[Supplied material]

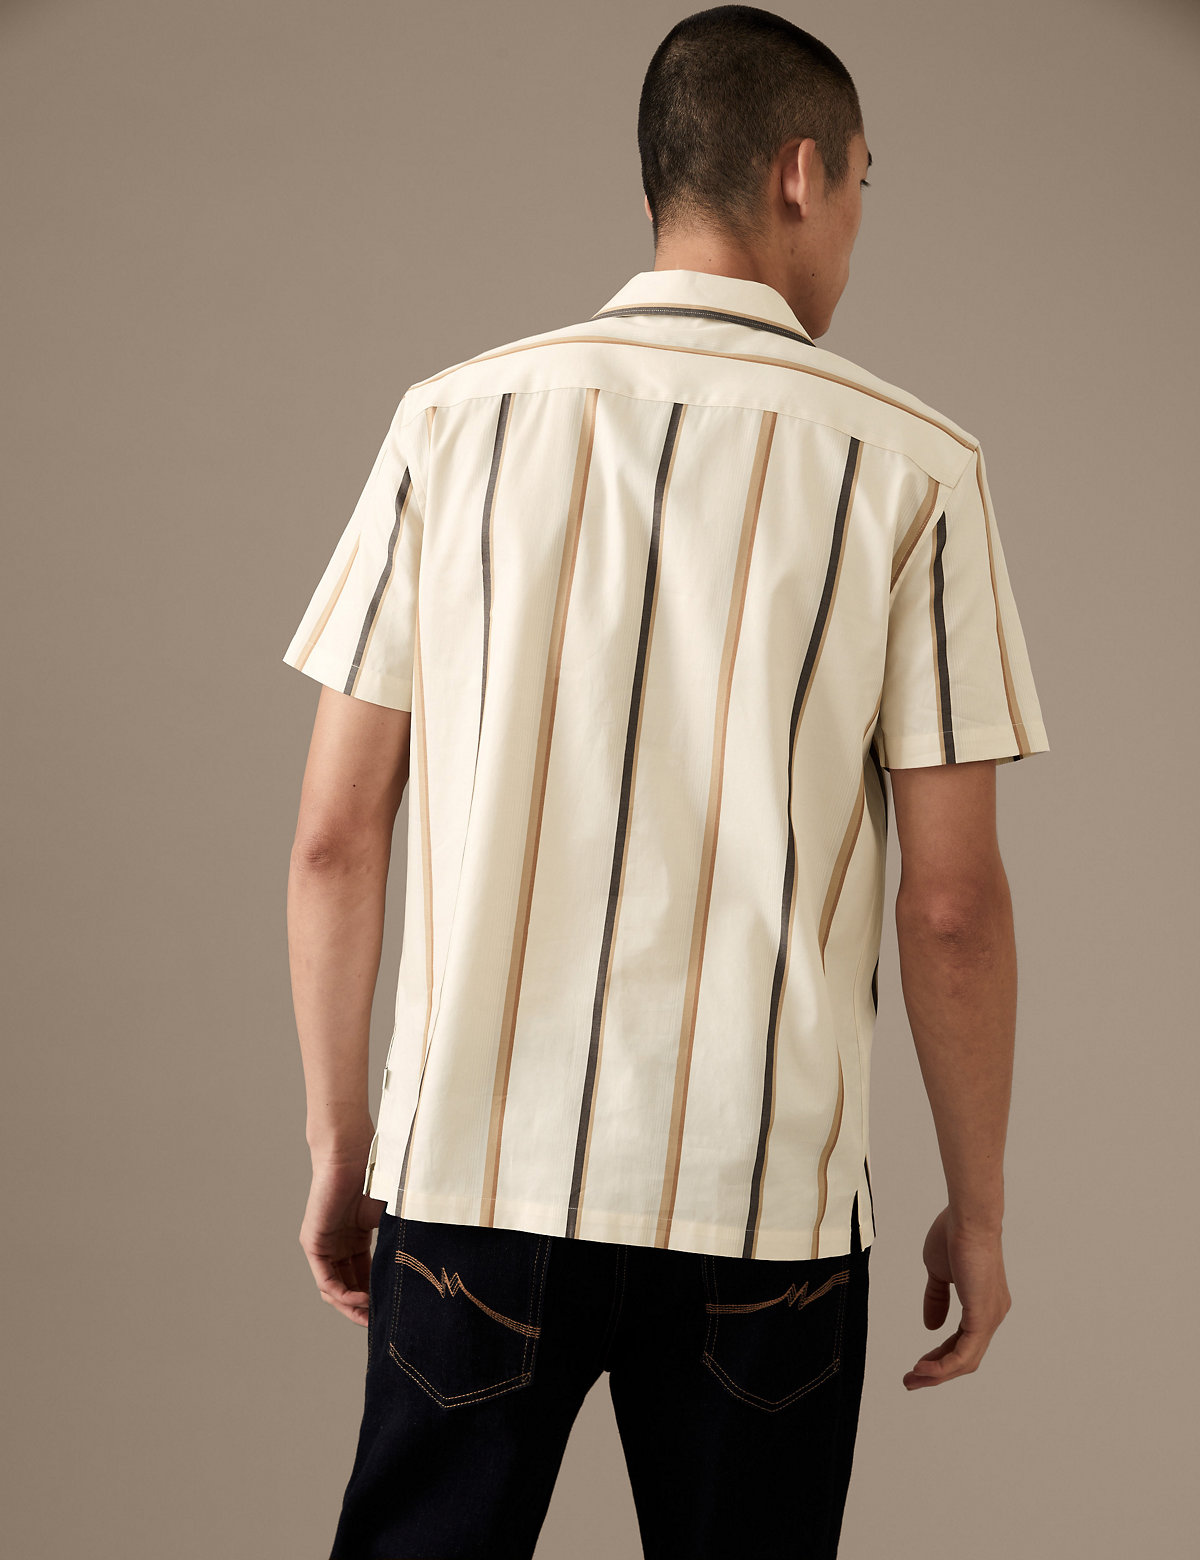 Pure Cotton Striped Shirt
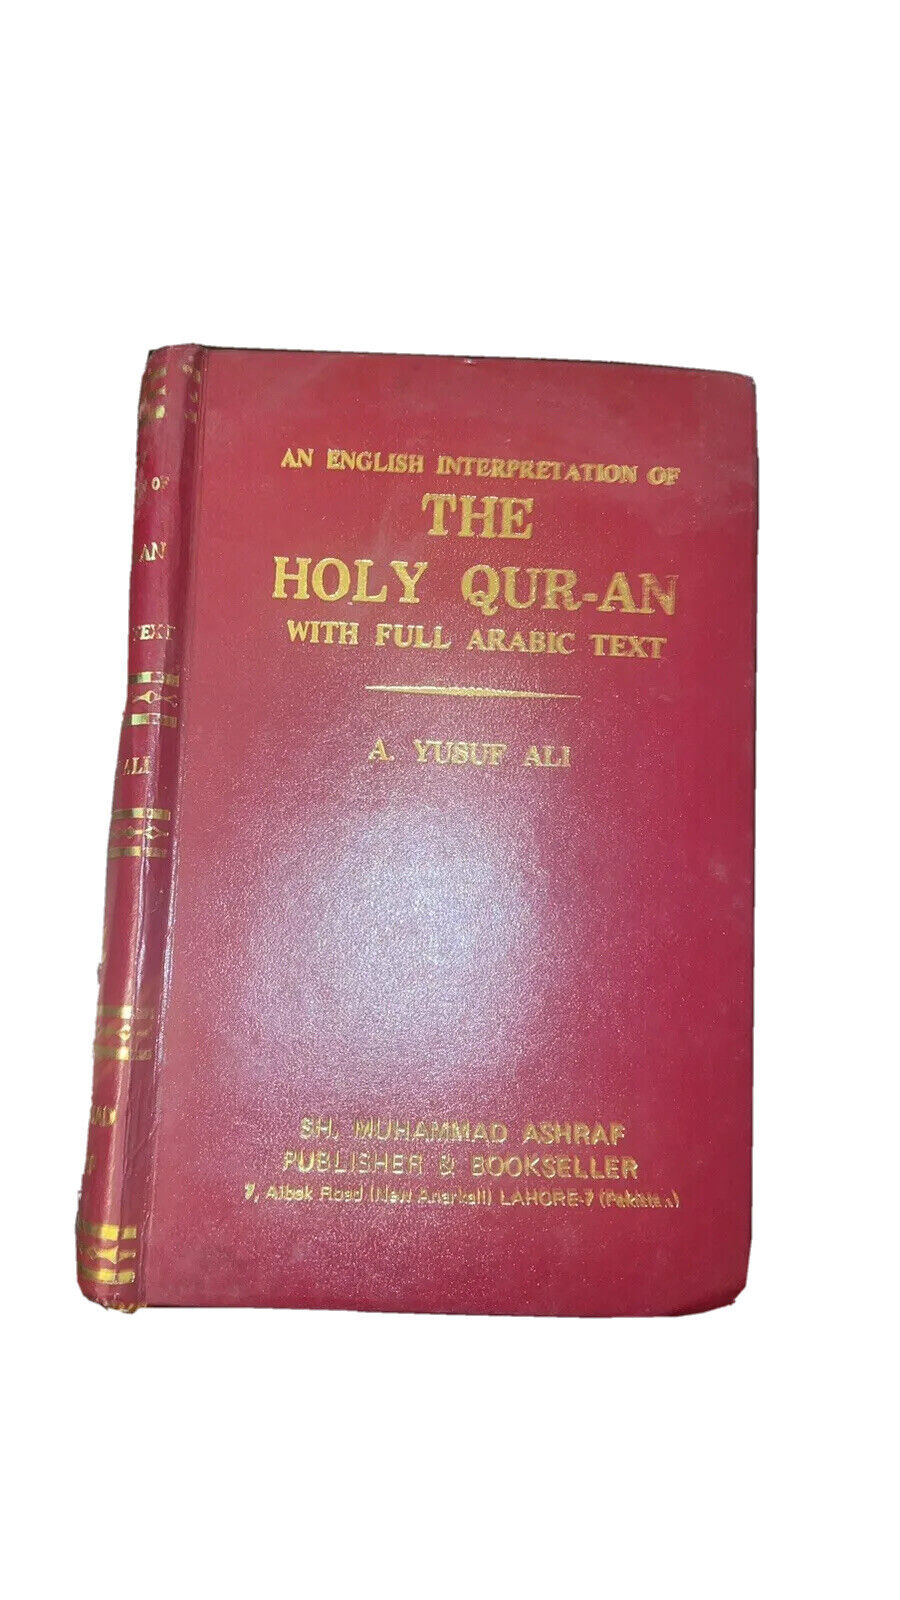 AN INTERPRETATION OF THE HOLY QURAN WITH  FULL ARABIC TEXT BY ABDULLAH YUSUF ALI
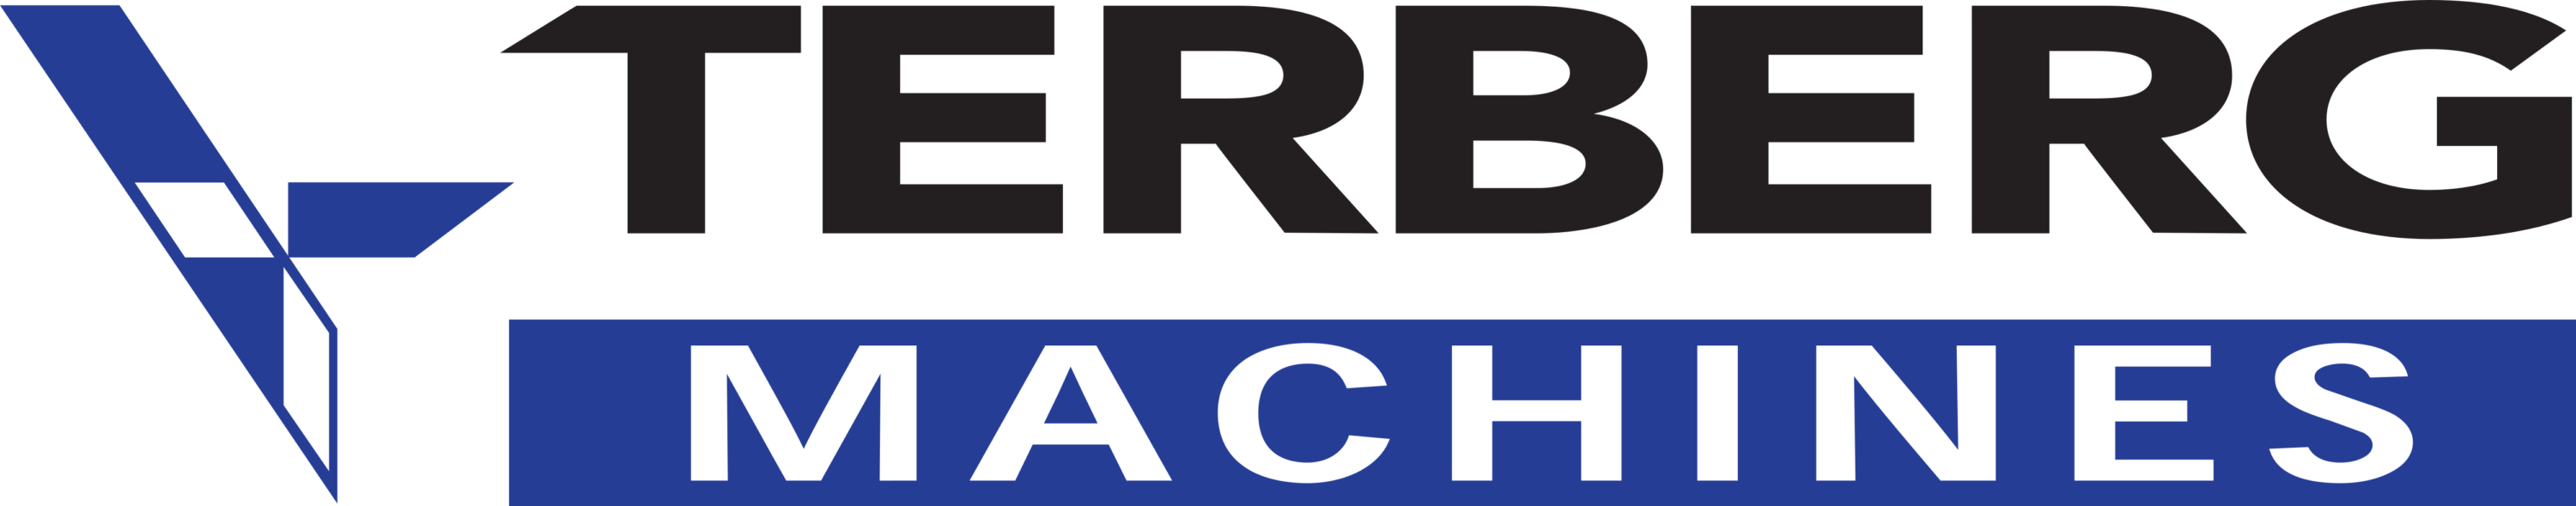 Terberg Group Logo
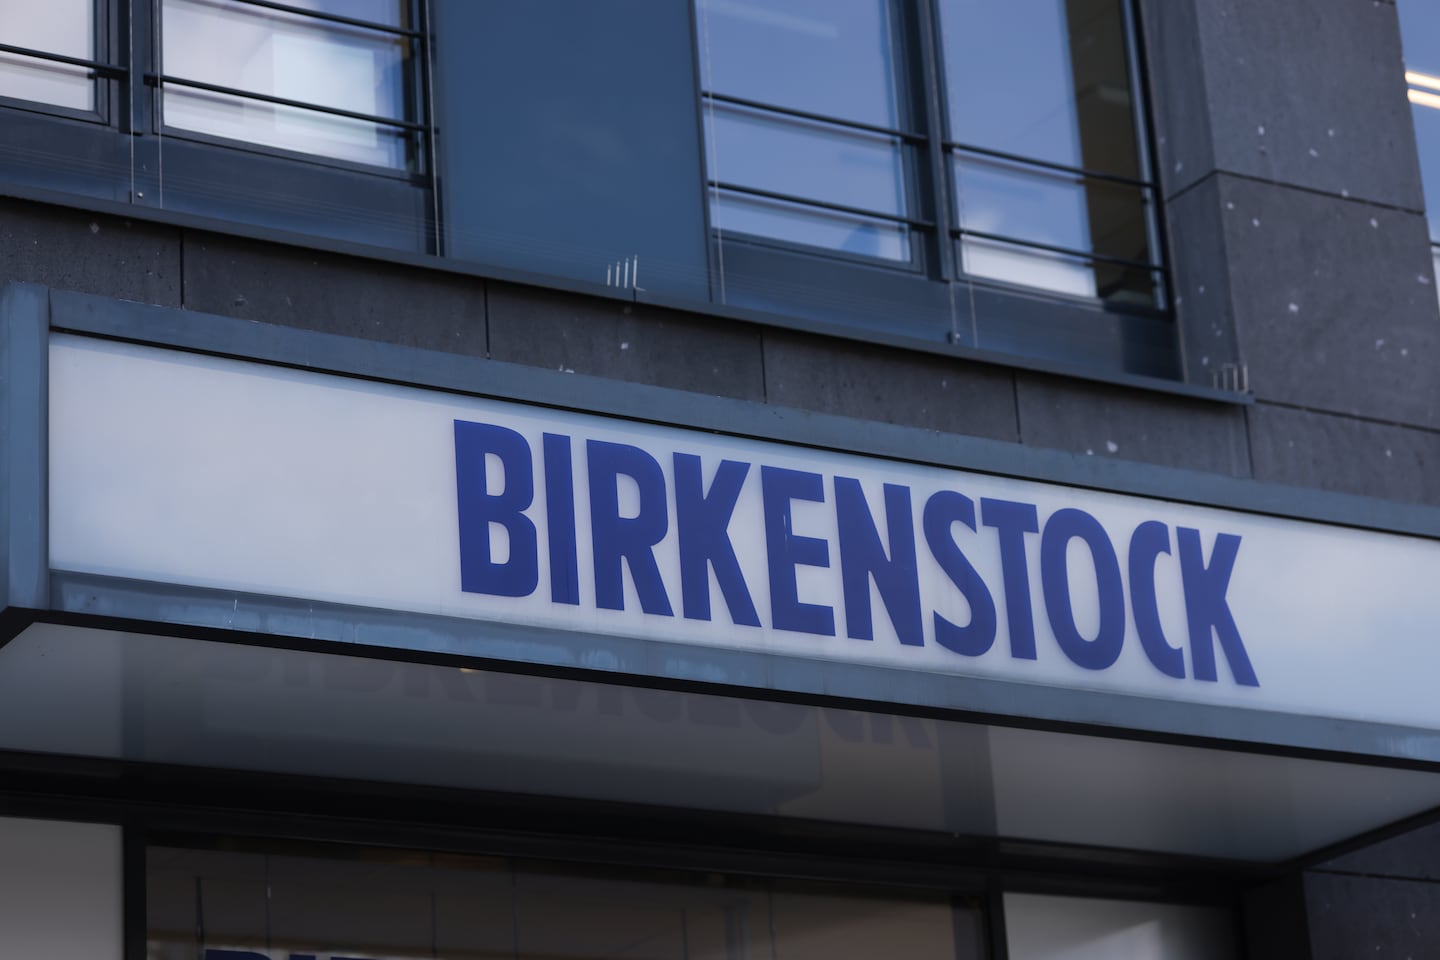 The exterior of the German shoe manufacturer Birkenstock.

[/Supplied material]

Problem:
Print the material exactly as given, but not the pictures.

Answer area:
 Pure Cotton Striped Shirt
 AN INTERPRETATION OF THE HOLY QURAN WITH  FULL ARABIC TEXT BY ABDULLAH YUSUF ALI
 Terberg Group Logo
 The exterior of the German shoe manufacturer Birkenstock.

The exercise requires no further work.